%%

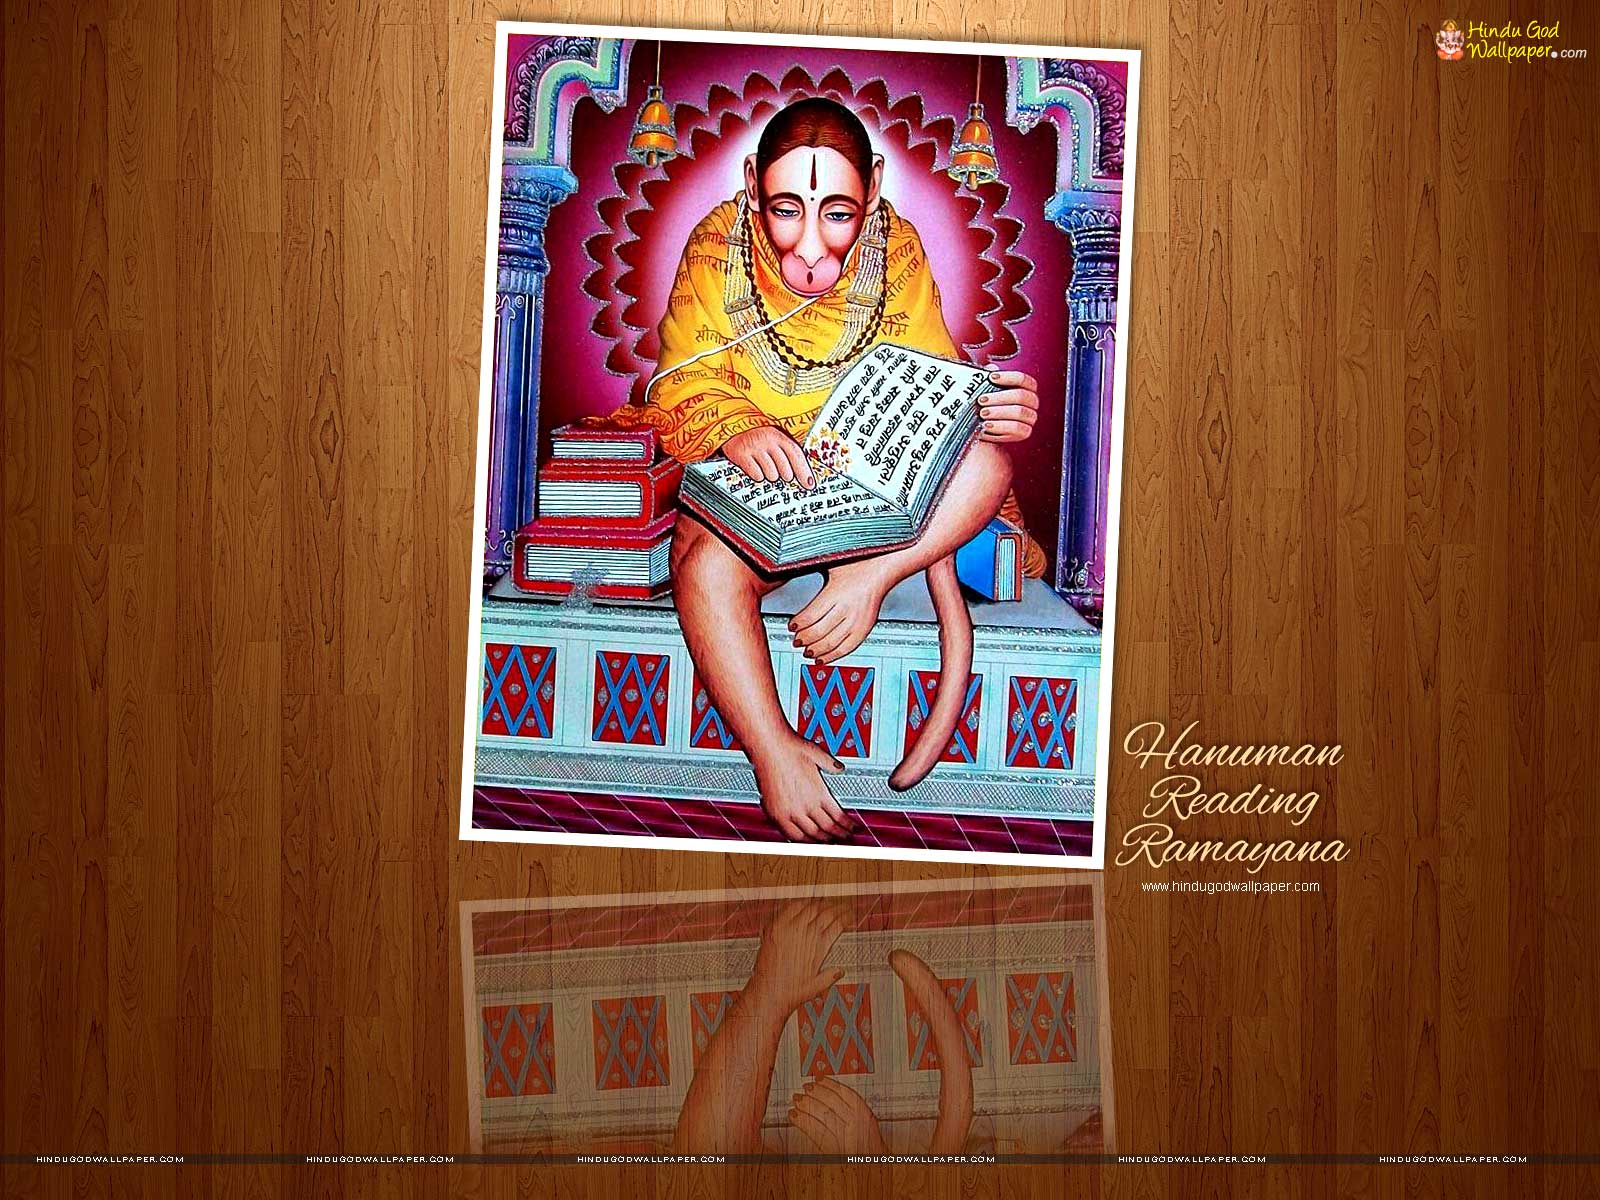 Hanuman Reading Ramayana Wallpaper
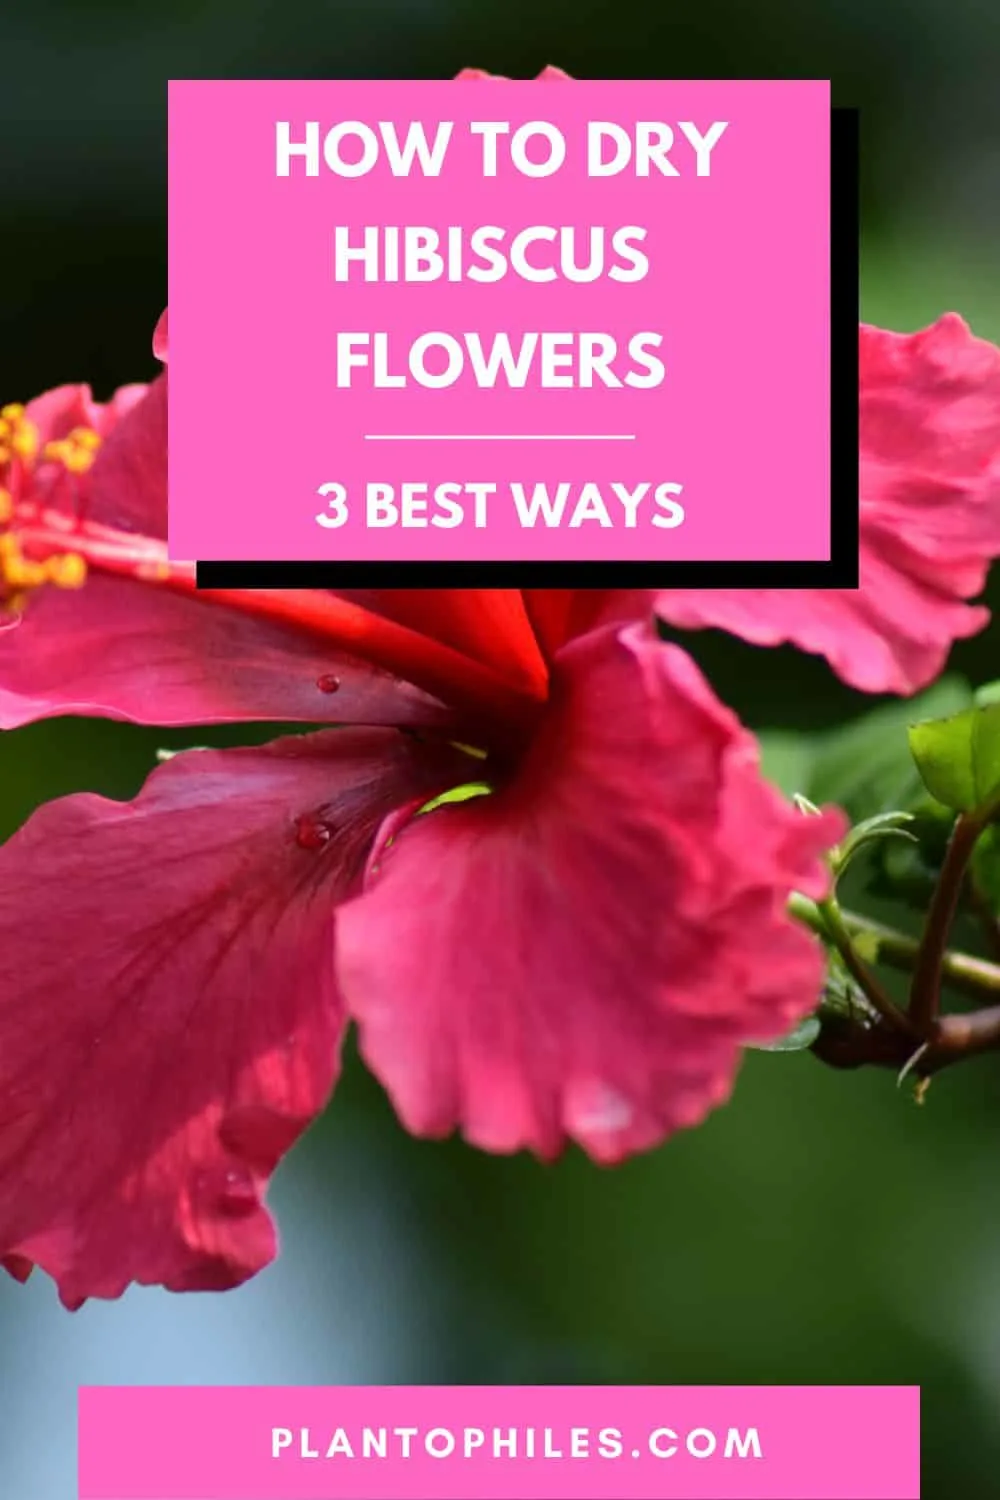 How to Dry Hibiscus Flowers - 3 Best Ways
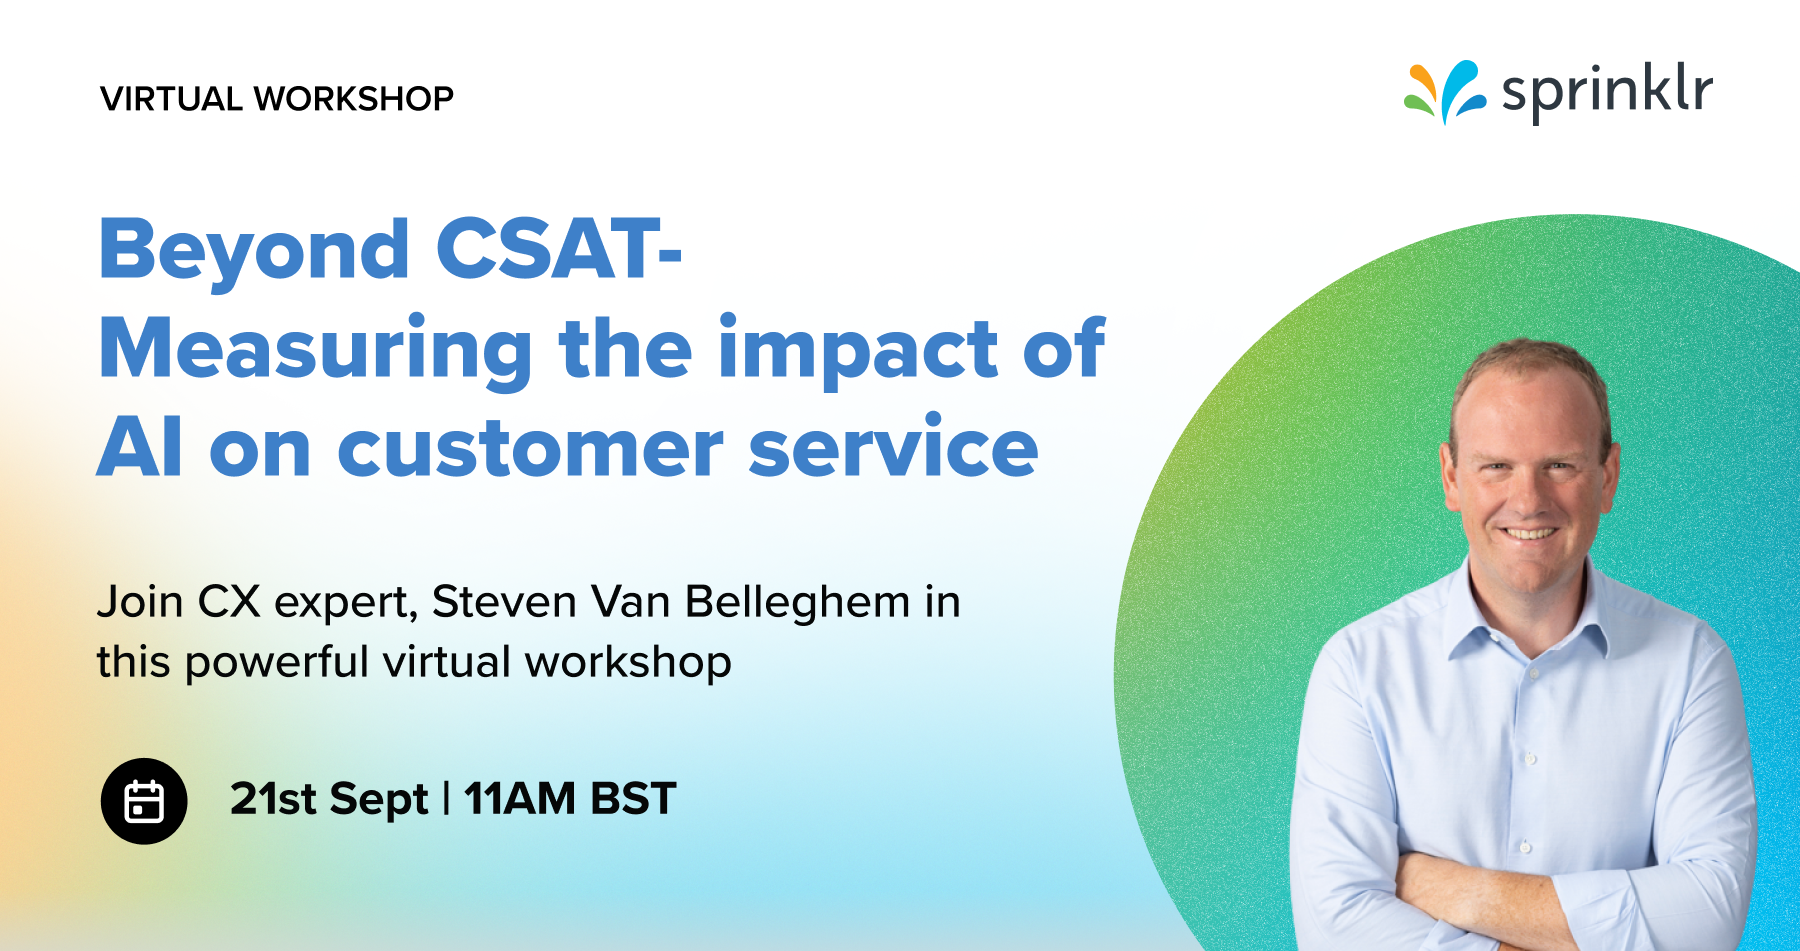 Beyond CSAT: Measuring the impact of AI on customer service

%%

## EXERCISE OBJECTIVE
Your answer should be every line above, written out exactly, with no pictures.

## COMPLETED TASK
 Hanuman Reading Ramayana Wallpaper
 How to Dry Hibiscus Flowers - 3 Best Ways
 Beyond CSAT: Measuring the impact of AI on customer service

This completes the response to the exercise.